No sooner was the business done, and the capture fairly effected, than the eccentric character of the knight of Charlecote again displayed itself. He had borne himself manfully during the fight, and as one worthy of his crusading ancestors, but his hauteur and reserve immediately succeeded to the violence of action.

Drawing together his people, he gave directions for the removal of the wounded into the town, where their hurts could be looked to. After which he mounted his horse, and calling for a cup of wine, he lifted his hat, and drank to the health of the Queen, the discomfit of the Spaniards, and the confusion of all Jesuits. After which he turned his horse's head from the Checquers, now filled with the idle and the curious, who had managed to extinguish the fire, and rode off towards Charlecote.

"Nay, but how am I to dispose of these prisoners, Sir Thomas?" said the head bailiff, stopping him as he passed. "I should also like to learn the exact nature of the matter which hath led to this capture and the death of these people around us here."

"Of that you will better learn," said Sir Thomas, dryly, "by applying to your townsman there—Lawyer Grasp; and all further circumstances connected with them, I opine you will speedily be made acquainted with by the Queen's council, as I am myself led to believe by what Master Grasp hath informed me."

So saying, Sir Thomas bowed to the head bailiff, and rode away from the scene of his achievements.


CHAPTER XVIII.

A REVEL AT CLOPTON.

On the night which followed the action we have described, and which the inhabitants of Stratford long afterwards called the fray of the Checquers, Sir Hugh Clopton held an old accustomed feast at his house. The entertainment was given in honour of his daughter's birthday, the maiden having just completed her seventeenth year; and on this interesting occasion most of the old knightly families of the county of Warwickshire graced the scene.
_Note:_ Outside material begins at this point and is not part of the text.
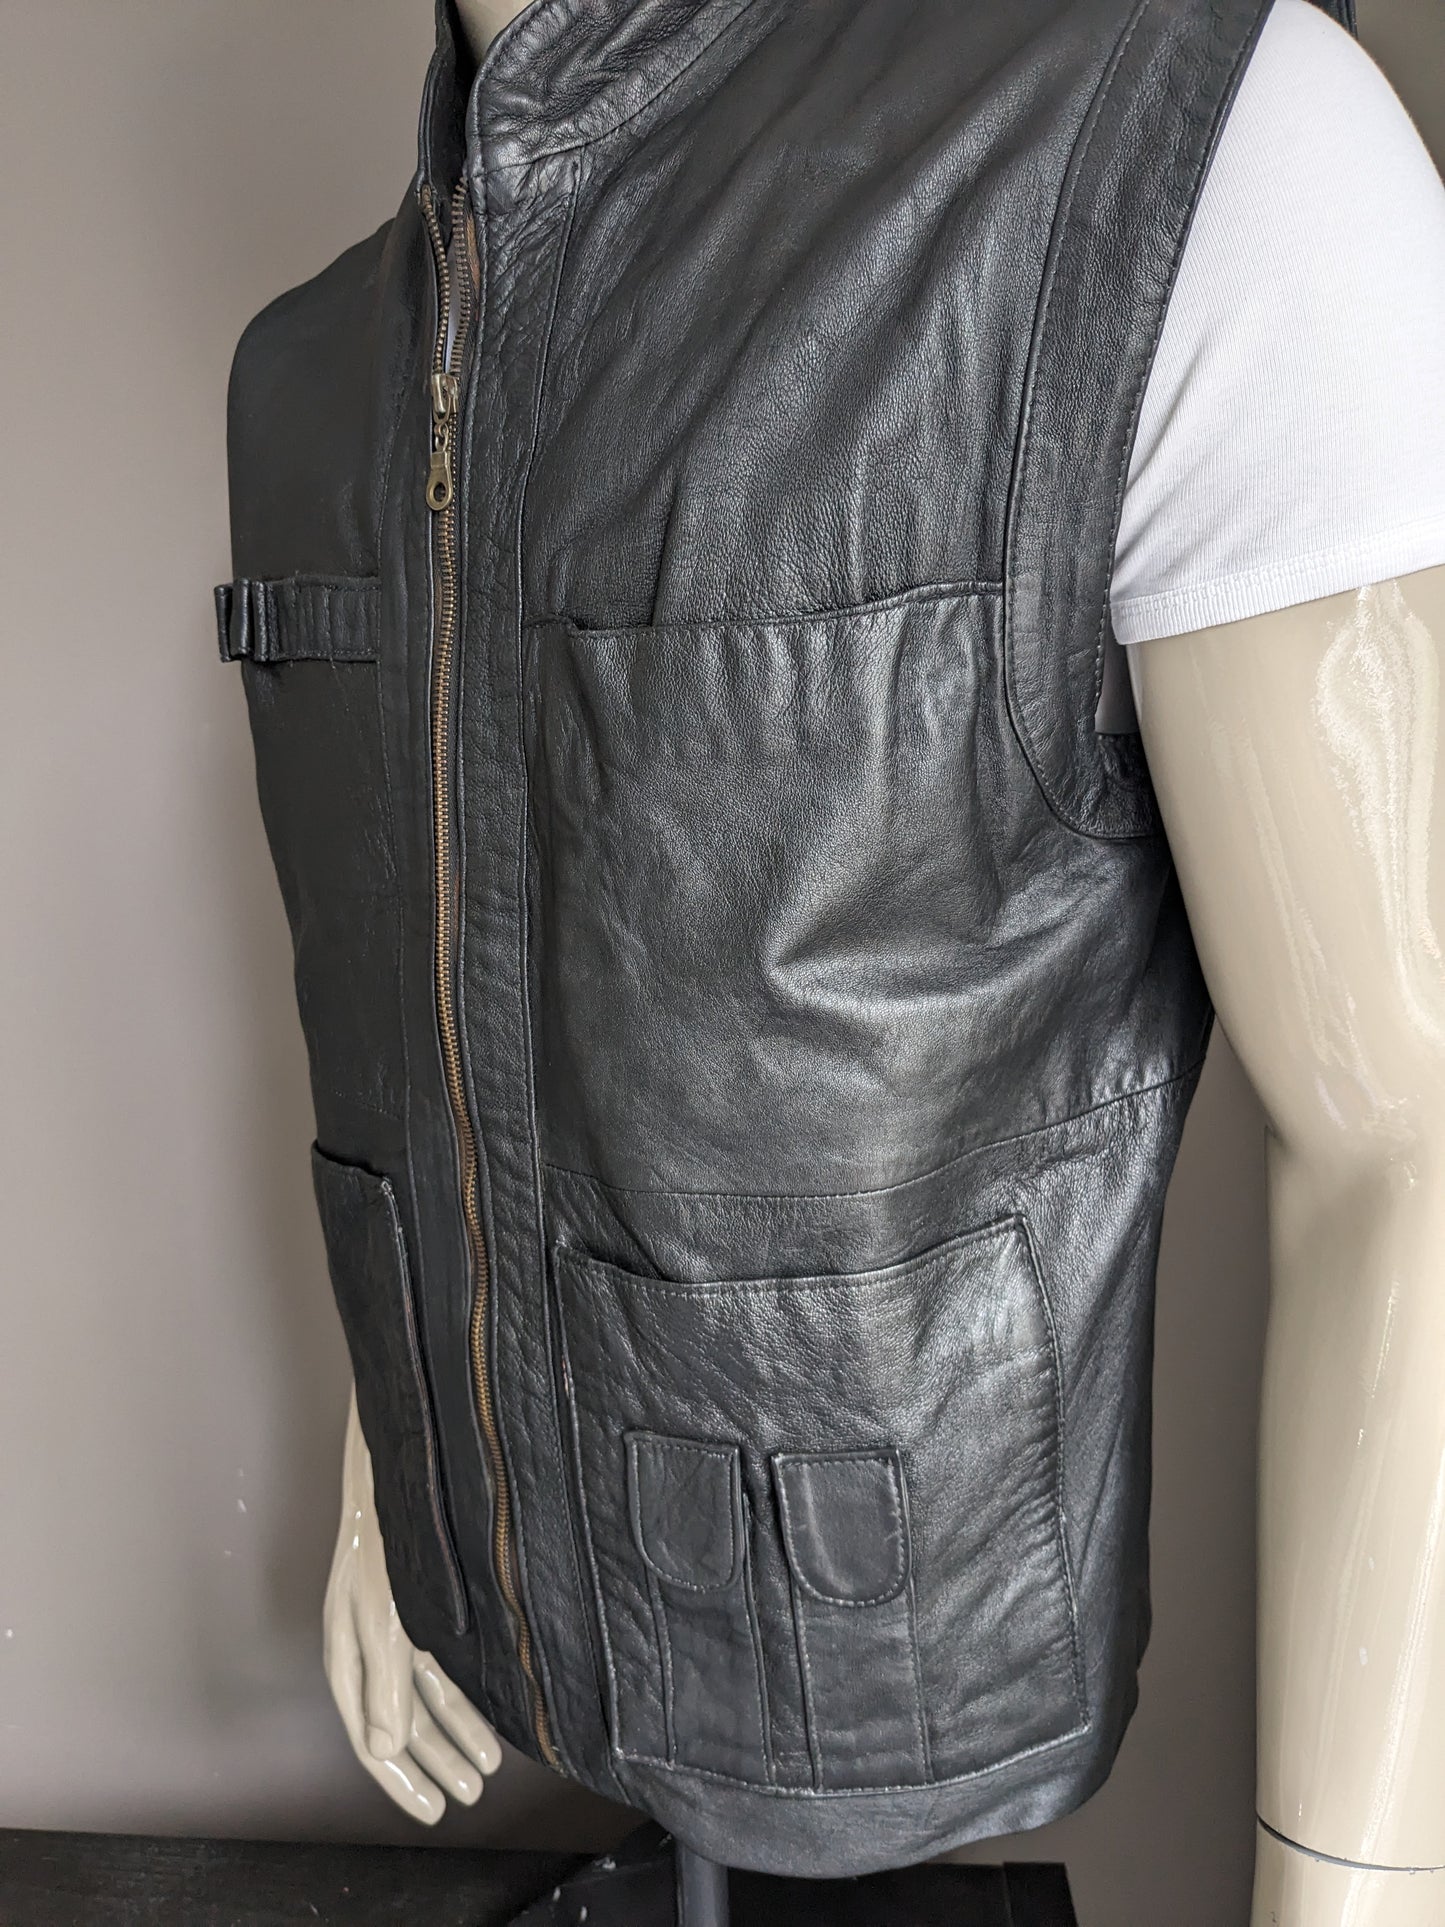 Central de cuerpo de cuero vintage de cuero con bolsas. Color negro. Tamaño L. 1 bolsillo interior.

There came the Astleys of Hill Moreton, the De la Wards of Newton, the Clintons of Badsley, the Walshes of Mereden, the Blenknaps of Knoll, the Wellesbourns of Hastang, the Comptons of Compton Winyate, the Sheldons of Beoley, the Attwoods, and many other nobles, whose names now, like those once owning them, in all the pride of ancestral honours, are obliterated from the muster-roll of the living, and long forgotten in the very domains which owned them as lords; and last, though by no means least, came the knight of Charlecote and his lady, and their two lovely daughters.

It was indeed a goodly assemblage of the rank, youth, and beauty of the county of Warwick of that period. The old folks stately in manner and formal in costume; the men, looking in their starch ruffs, short cloaks and trunks, quaint cut doublets and peaked beards; and the women, in their jewelled stomachers and farthingales, like so many old portraits stepping forth from their frames; whilst the youth of both sexes, in all the bravery of that age of brave attire, glittered in silks and satins, gold and embroidery, bright jewels and richly mounted weapons. Nothing, indeed, could exceed the gallant look of the cavaliers who trod a measure in the dance, except it were the loveliness of their bright partners. Those youthful and fresh female buds of England, so celebrated for their native beauty; fair, and blooming, and swan-like in their graceful carriage—"earth-treading stars, that make dark heaven bright."